President of the African National Congress (ANC) Cyril Ramaphosa with Paul Mashatile (L) and spokesman Zizi Kodwa address the media at the Nasrec Expo Centre, where the 54th National Conference of the ruling party is taking place in Johannesburg, South Africa December 19, 2017. REUTERS/Rogan Ward
December 20, 2017
JOHANNESBURG (Reuters) – South Africa’s ruling African National Congress has adopted a resolution calling for the nationalization of the central bank and land expropriation without compensation, a senior party official said on Wednesday.
Any mention of nationalization in South Africa is enough to spook investors, since left-wing elements of the ANC have also called for mines and banks to be state-owned.
Similarly, land is an emotive issue two decades after the end of apartheid, and the ANC has been under pressure to redress racial disparities in land ownership.
Unlike most central banks in the world, the South African Reserve Bank has been privately owned since it was established in 1921. But its shareholders have no control over monetary policy, financial stability policy or banking regulation.
Following a meeting of party delegates, the head of the ANC’s economic transformation committee, Enoch Godongwana, told reporters the ownership of the South African Reserve Bank would not affect its independence.
He said the party had also agreed to initiate amendments to the constitution to achieve land expropriation without compensation, but gave no timeline.
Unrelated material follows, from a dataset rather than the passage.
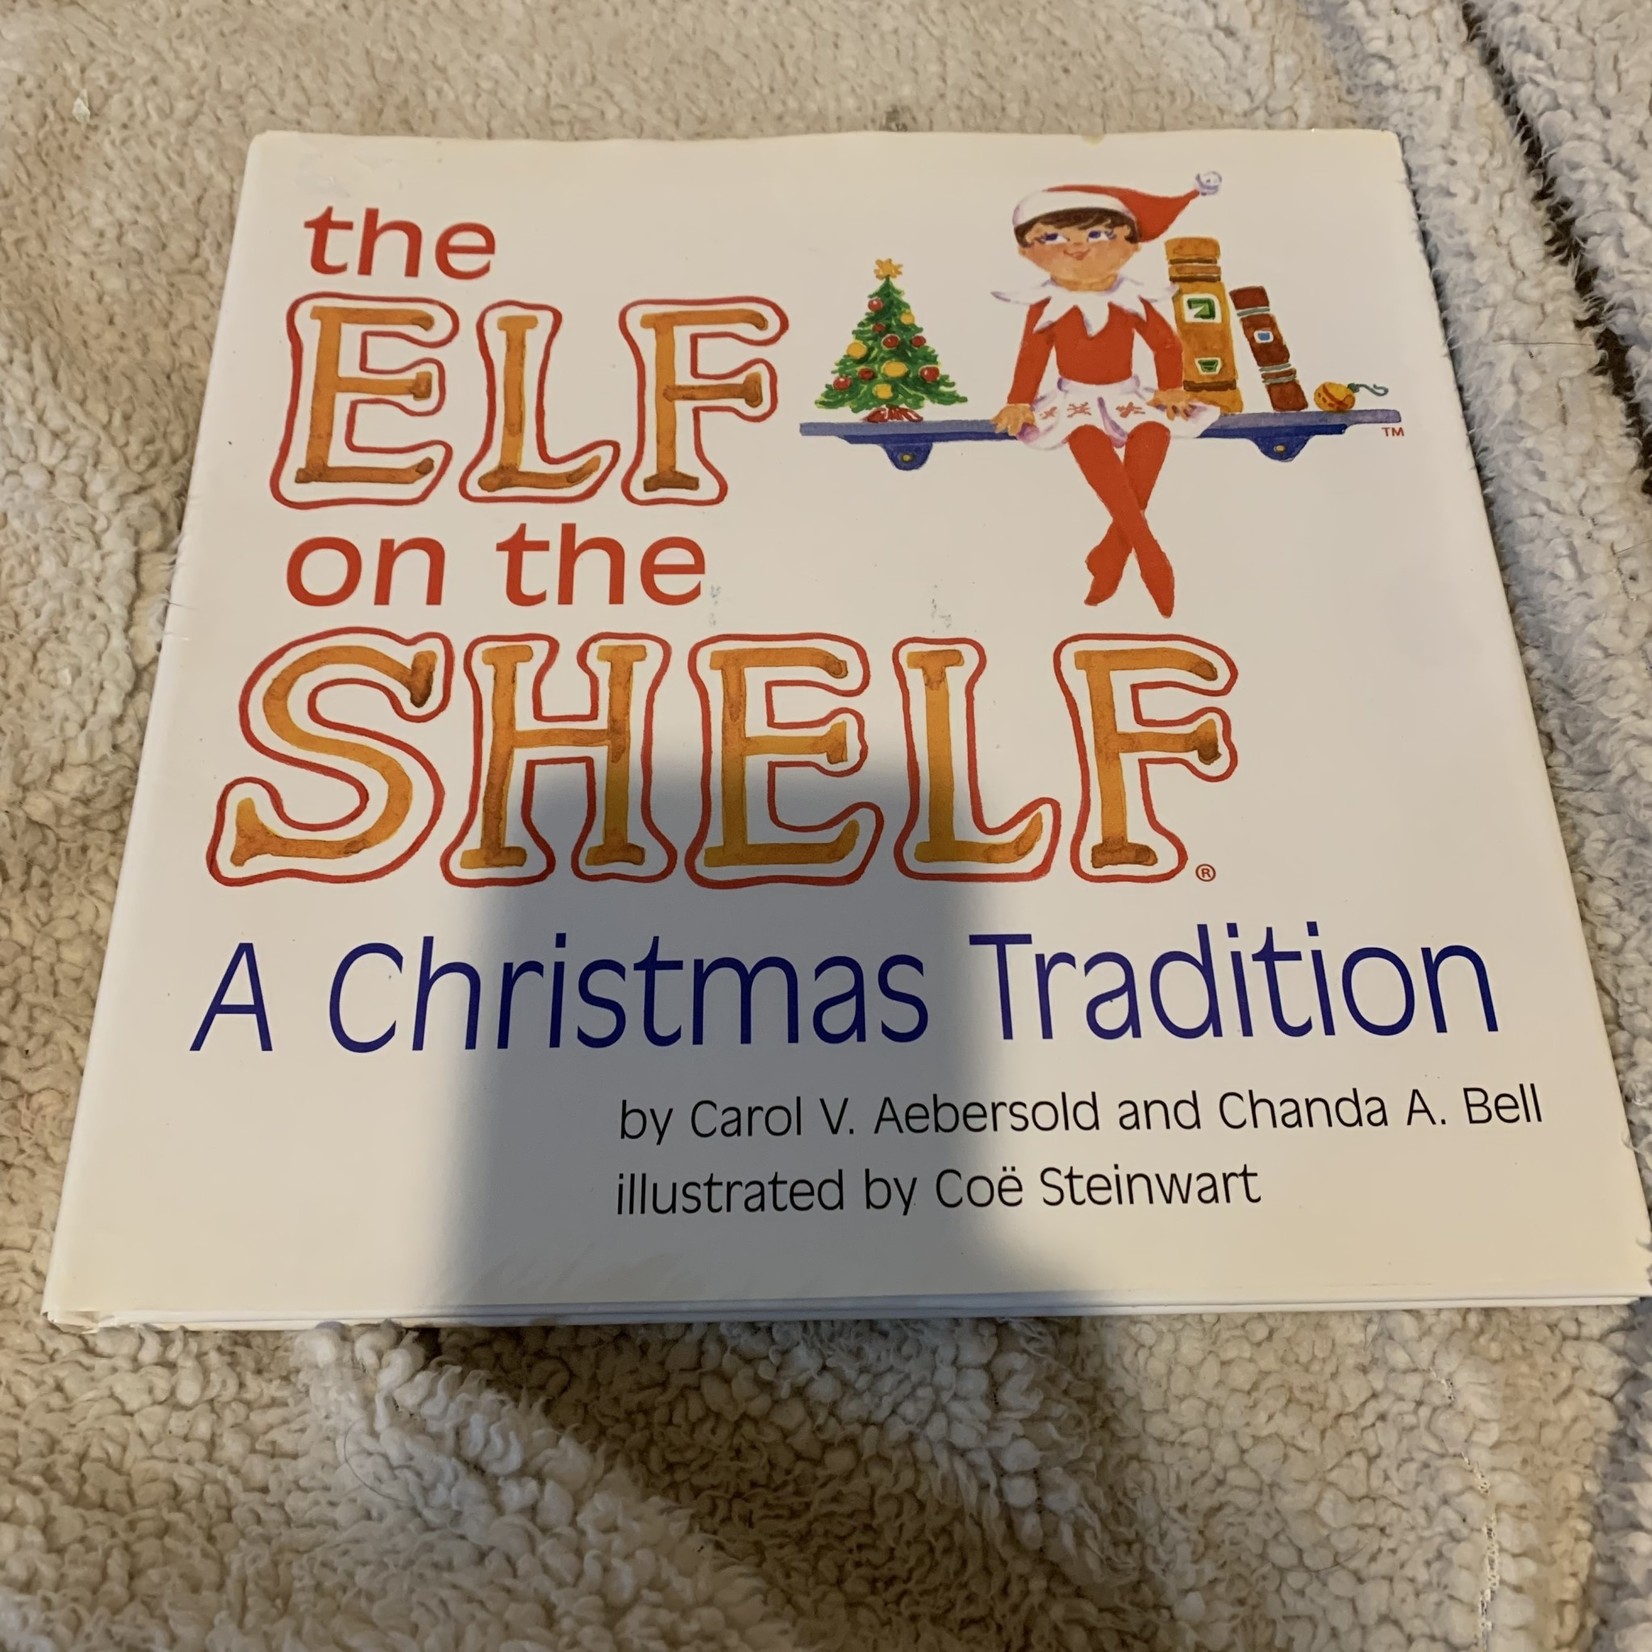 The Elf on the Shelf - A Christmas Tradition

He said there would be no illegal occupation of land.
Following the proposal made in July by the ANC at a policy conference to nationalize the bank’s shareholding, South Africa’s Reserve Bank said that changing its shareholding would not affect its mandate, because that mandate is derived from the constitution.
Godongwana said no timeline had been laid down for the plan to acquire the central bank’s shares or for any directives to parliament to change the country’s laws to effect the change.
“No change in the constitution, no change in the Reserve Bank Act,” he said. “We’ve also said it’s not likely to have an impact at all because shareholders in the Reserve Bank do not affect monetary policy in any way.”